'The Girl On The Train' by Paula Hawkins

Tuesday 3 October 2017

“There’s something comforting about the sight of strangers safe at home.” 

I finally picked up ‘The Girl On The Train’ after a a long run of hype and constantly seeing the film adaptation advertised everywhere. The novel centres around Rachel taking the same commuter train everyday, focusing on a signal stop and the suburban homes behind the tracks. At this stop she idealises a couple whose home she can see into and reflects on her previous ‘perfect’ life. 

As we follow this daily pattern, gin and tonics fall in with hints of alcoholism and it soon becomes clear that Rachel is trying to cover something up. What isn’t clear at this point is that Rachel is using alcohol to mask harder times. Her unreliability and memory loss increasing as she loses herself in the fictions she creates around the couple she can see from the tracks. 

With all this building the story kickstarts the moment she witnesses something out of the ordinary in the perfect life she loves watching and desperately goes to the police.  As Rachel’s unreliability develops as readers we are desperate to fill in the blanks but also to find out what drove her into her disparity. 
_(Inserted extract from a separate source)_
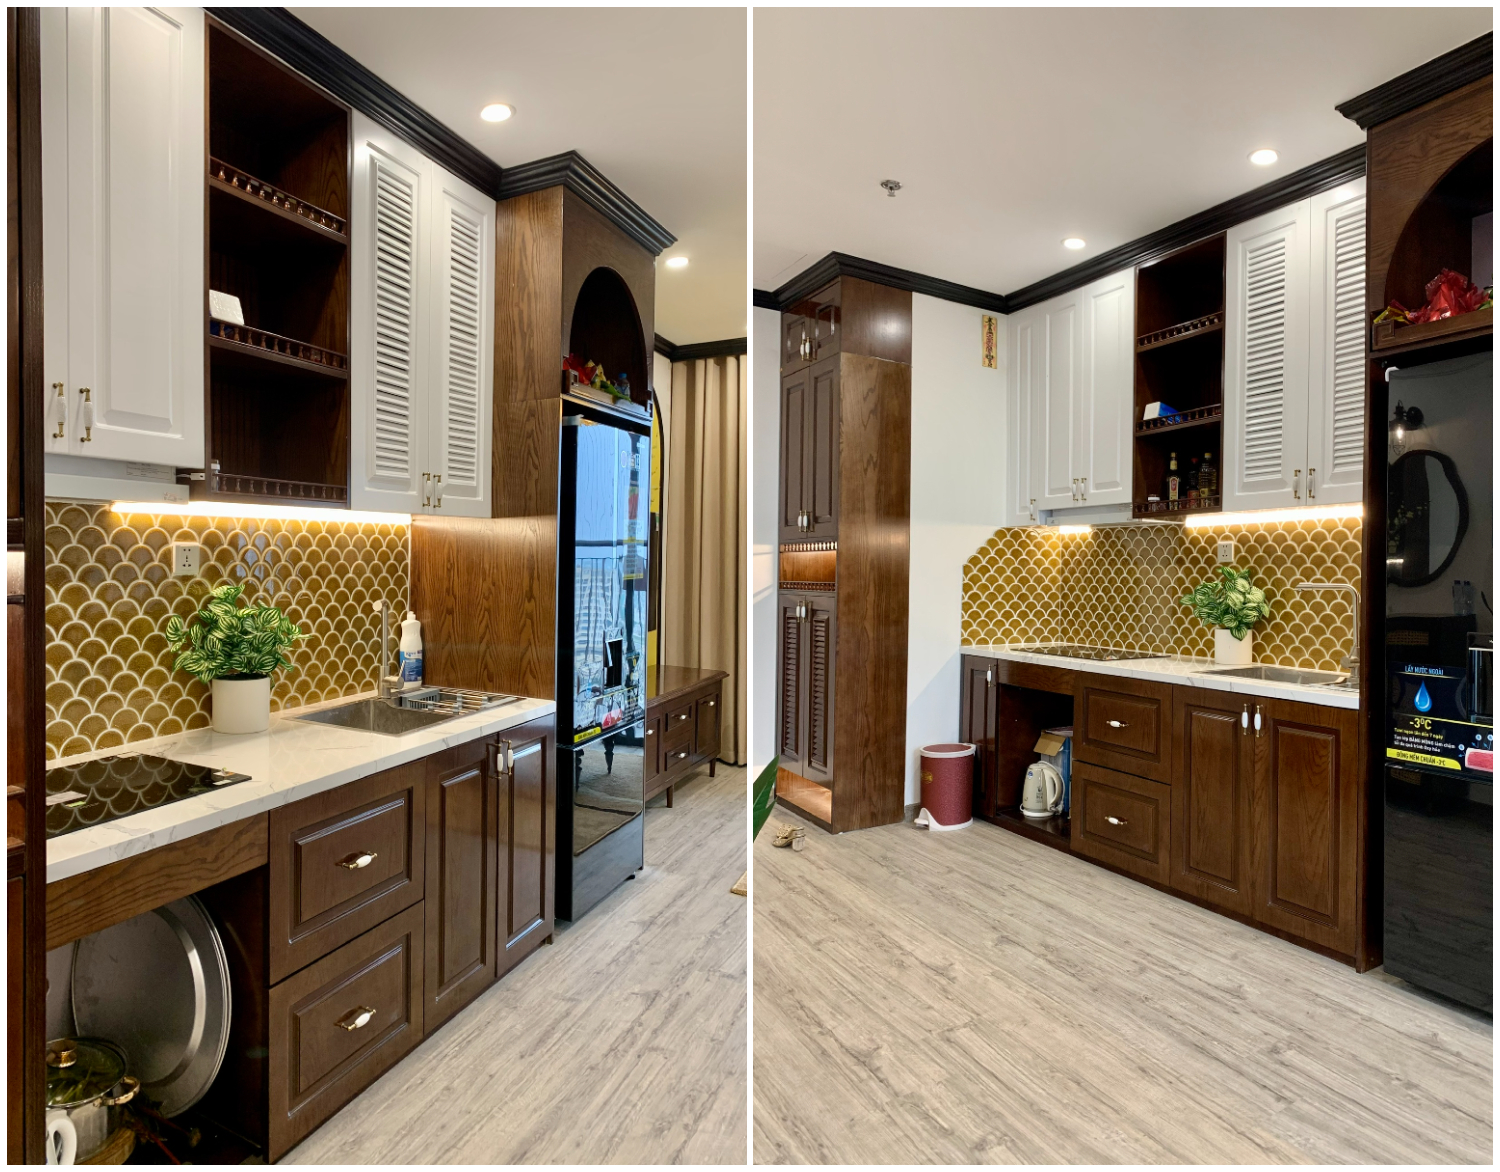 Không gian bếp được bố trí gọn gàng dọc theo mảng tường với hệ tủ bếp cao kịch trần sơn màu trắng tinh khôi. Thiết kế này vừa cung cấp chỗ trữ đồ rộng rãi, vừa tạo độ thoáng.

From this point on I was waiting for the twist, or at least hints of it. So rather than finding myself wrapped up in ‘The Girl On The Train’ I felt like I was just waiting for it to happen. 


The Girl On The Train Paula Hawkins



Rachel isn’t the only narrator in the novel. Hawkins creates three distinct female voices whose narration she switches between. The style creates a desperation between chapters that leaves us the reader over reliant on not putting the book down, a fantastic ploy and technique to keep you reading.  

As much as these voices were distinct I found each narrator was defined by the men in their lives, even the ones who were a mystery to them. This dictated our perception as the reader, feeling as those the male characters had more control over our perception of the three narrators and their unreliabilities than the characters themselves, purely because we were not met with their flaws yet. 

Although this agitated it me thinking back it reflected on how much time we spend as voyeurs now. We often work on assumptions made with the little knowledge we have about people or focusing on their issues rather than the situation that led them there.  Exactly the situation Rachel found herself in. 

The Girl On The Train Paula Hawkins


After finishing the novel I was eager to watch the film but it lacked something I loved about the novel, the elements and closeness of London. 

The location in the novel commented on how little attention we pay to those who we commute with on a close daily basis and the mysteries of what happens behind closed doors. By changing to an American landscape the closeness was lost and everything I loved about the book.